Conforme bem atesta Gilberto Lozzi, na realidade, não existe um processo
acusatório puro ou um processo inquisitório puro, mas somente um processo misto, de
onde se possa perceber a predominância do sistema acusatório ou do inquisitivo
(Lezioni di procedura penale, p. 5). Essa é, sem dúvida, a realidade da maioria dos
ordenamentos jurídicos do mundo atual.

4. OPÇÃO DO SISTEMA PROCESSUAL BRASILEIRO


O sistema adotado no Brasil era o misto. Na Constituição Federal de 1988, foram
delineados vários princípios processuais penais, que apontam para um sistema
acusatório; entretanto, como mencionado, indicam um sistema acusatório, mas não o
impõem, pois quem cria, realmente, as regras processuais penais a seguir é o Código
de Processo Penal.
De outra parte, encontram-se na Constituição as normas prevendo a existência da
polícia judiciária, encarregada da investigação criminal. Para essa fase, por óbvio, os
postulados acusatórios não se aplicavam. Porém, com a reforma trazida pela Lei
13.964/2019, muita coisa foi alterada na captação de provas durante a investigação
criminal.
Em primeiro lugar, o art. 3º-A do CPP mencionou, expressamente, que o processo
penal “terá estrutura acusatória, vedadas a iniciativa do juiz na fase de investigação e a
substituição da atuação probatória do órgão de acusação”. Criou-se, ainda, a figura do
juiz das garantias (art. 3º-B, CPP) com várias atribuições, mas com a principal delas:
controlar a legalidade da investigação criminal e salvaguardar os direitos individuais.

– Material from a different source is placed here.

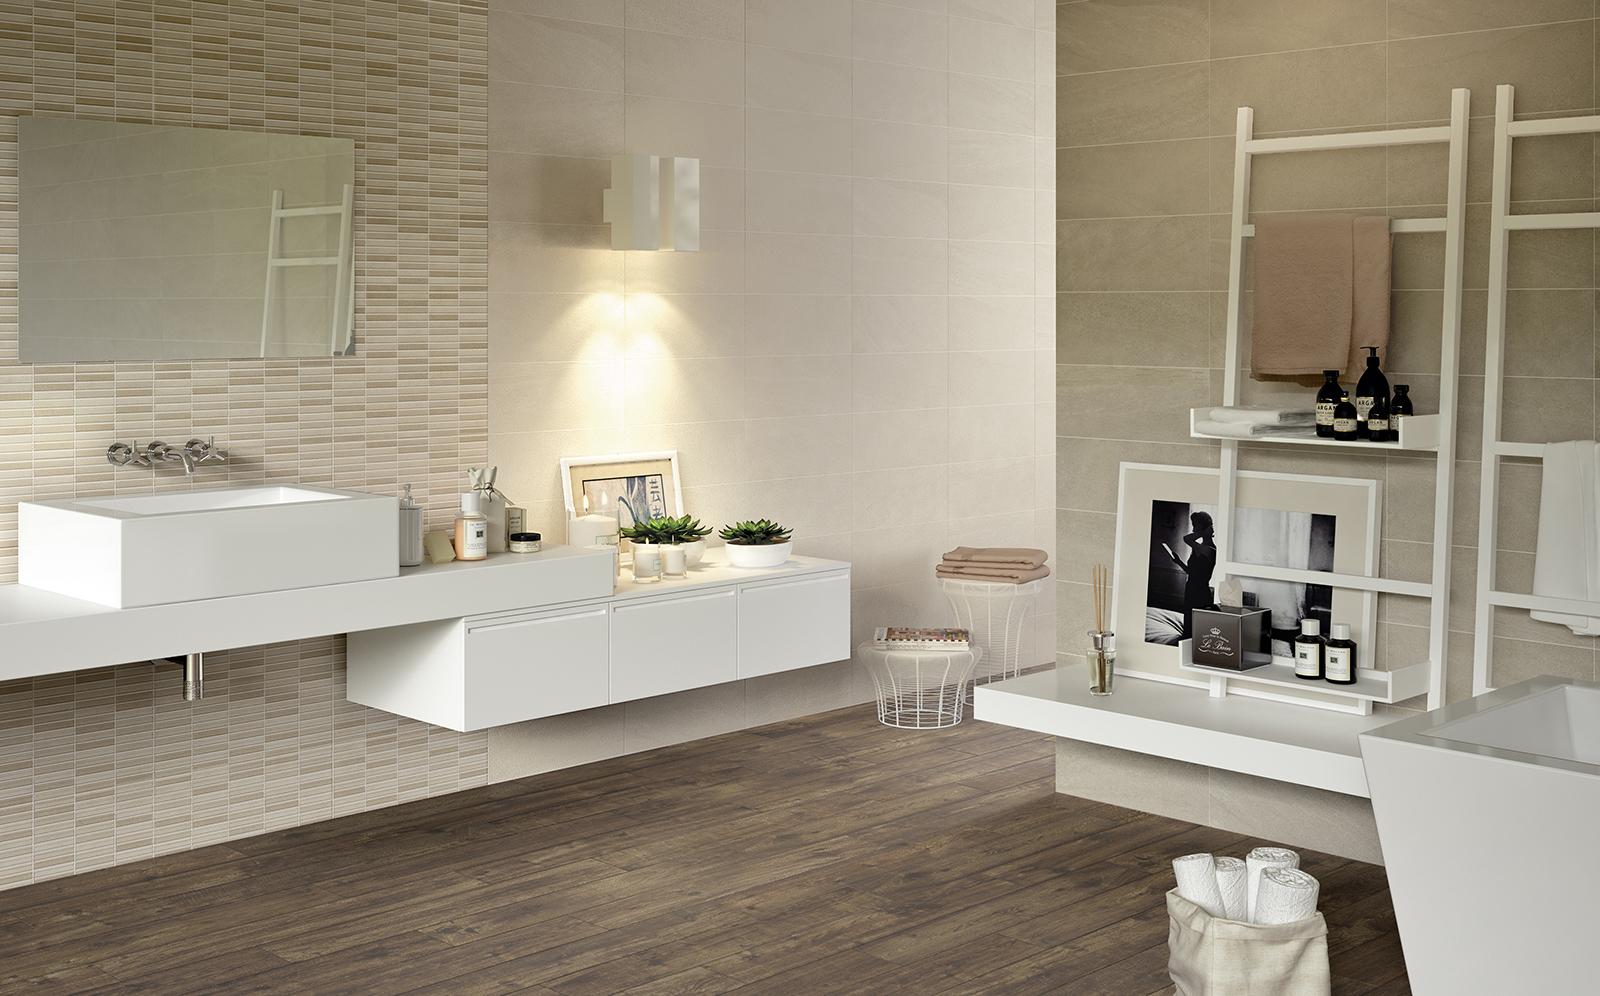 Interiors rivestimento bagno e cucina marazzi - Piastrelle bagni moderni ...

Enfim, torna-se o fiscal da atividade investigatórias de outros órgãos públicos.
Com isso, afastando-se o juiz do processo de qualquer participação no
procedimento investigatório e, até mesmo, vedando o seu acesso aos autos do
inquérito, depois de recebida da denúncia, pelo juiz das garantais, o processo penal
tomou rumo em direção do sistema acusatório.

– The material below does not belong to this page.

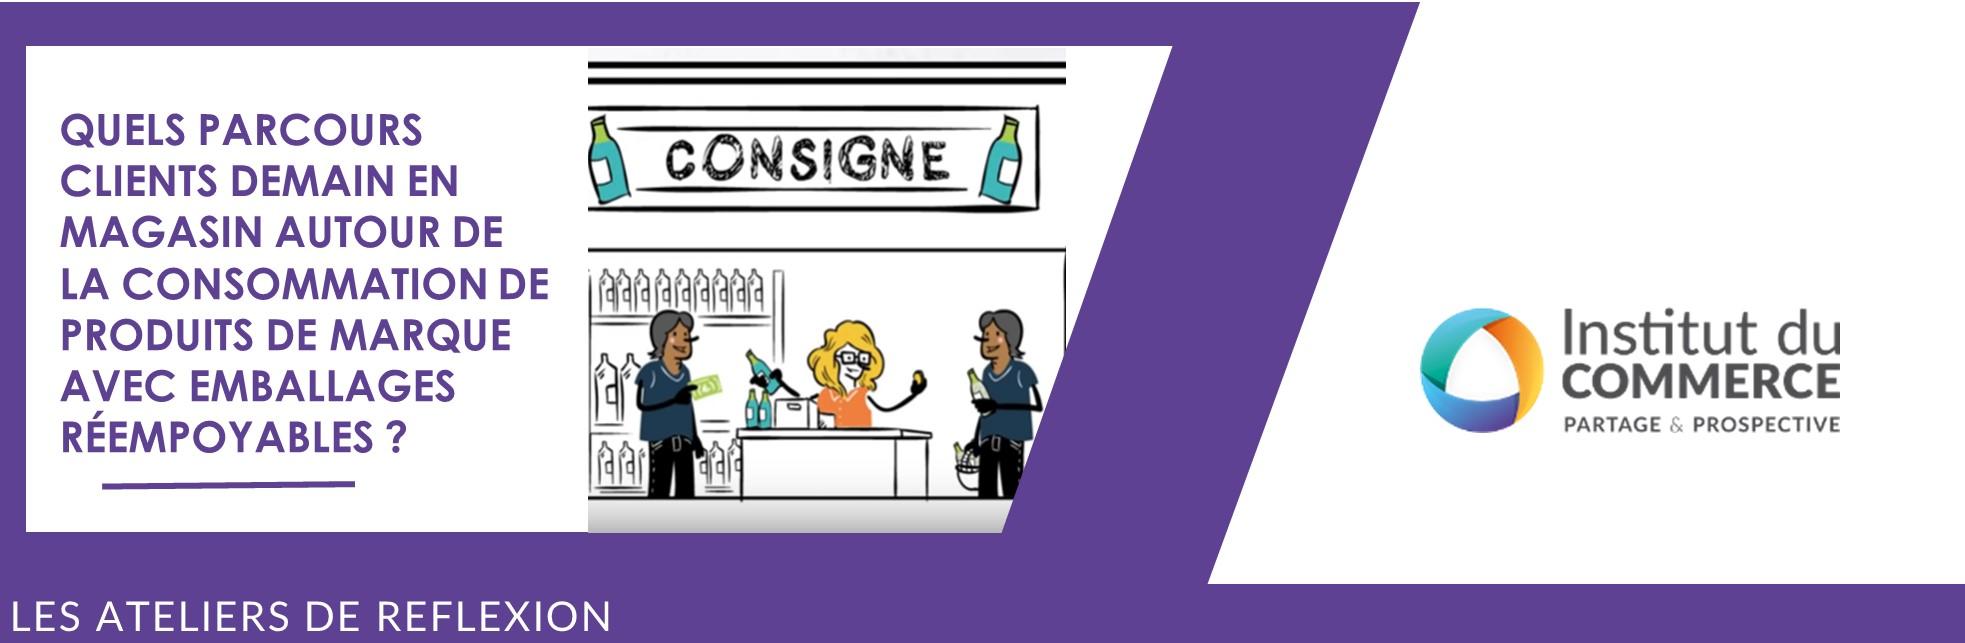 Quels parcours clients demain en magasin autour de la consommation de produits de marques avec emballages réemployables ?

Entretanto, não se atingiu um sistema puro, mas mitigado, pois continuam todos os
poderes instrutórios do magistrado, durante o processo, agindo de ofício em variadas
situações. É preciso refletir sobre isso e verificar se, realmente, o sistema puro seria o
ideal para o processo penal brasileiro.
A figura do juiz das garantias, prevista nos arts. 3º-A a 3º-F, do CPP, ainda não
entrou em vigor, pois uma liminar do STF suspendeu a sua eficácia por prazo
indefinido até que o Plenário da Corte avalie o mérito (Medida Cautelar na Ação
Direta de Inconstitucionalidade n. 6.299-DF, rel. Luiz Fux, 22.1.2020).

SÍNTESE
Sistema inquisitivo: ausência de contraditório e ampla defesa; sigilo no procedimento; ausência ou limitação de
recursos; inviabilidade de recusa do órgão investigador/julgador; confusão no mesmo órgão das funções acusatória
e julgadora; predomínio da linguagem escrita.
Sistema acusatório: enaltecimento do contraditório e da ampla defesa; publicidade dos atos; duplo grau de
jurisdição assegurado; possibilidade de recusa do julgador; impossibilidade de confusão no mesmo órgão de
acusador e juiz.
Sistema misto: início da investigação contando com os princípios regentes do sistema inquisitivo; processo-
crime instruído pelos princípios condutores do sistema acusatório; predomínio da linguagem oral.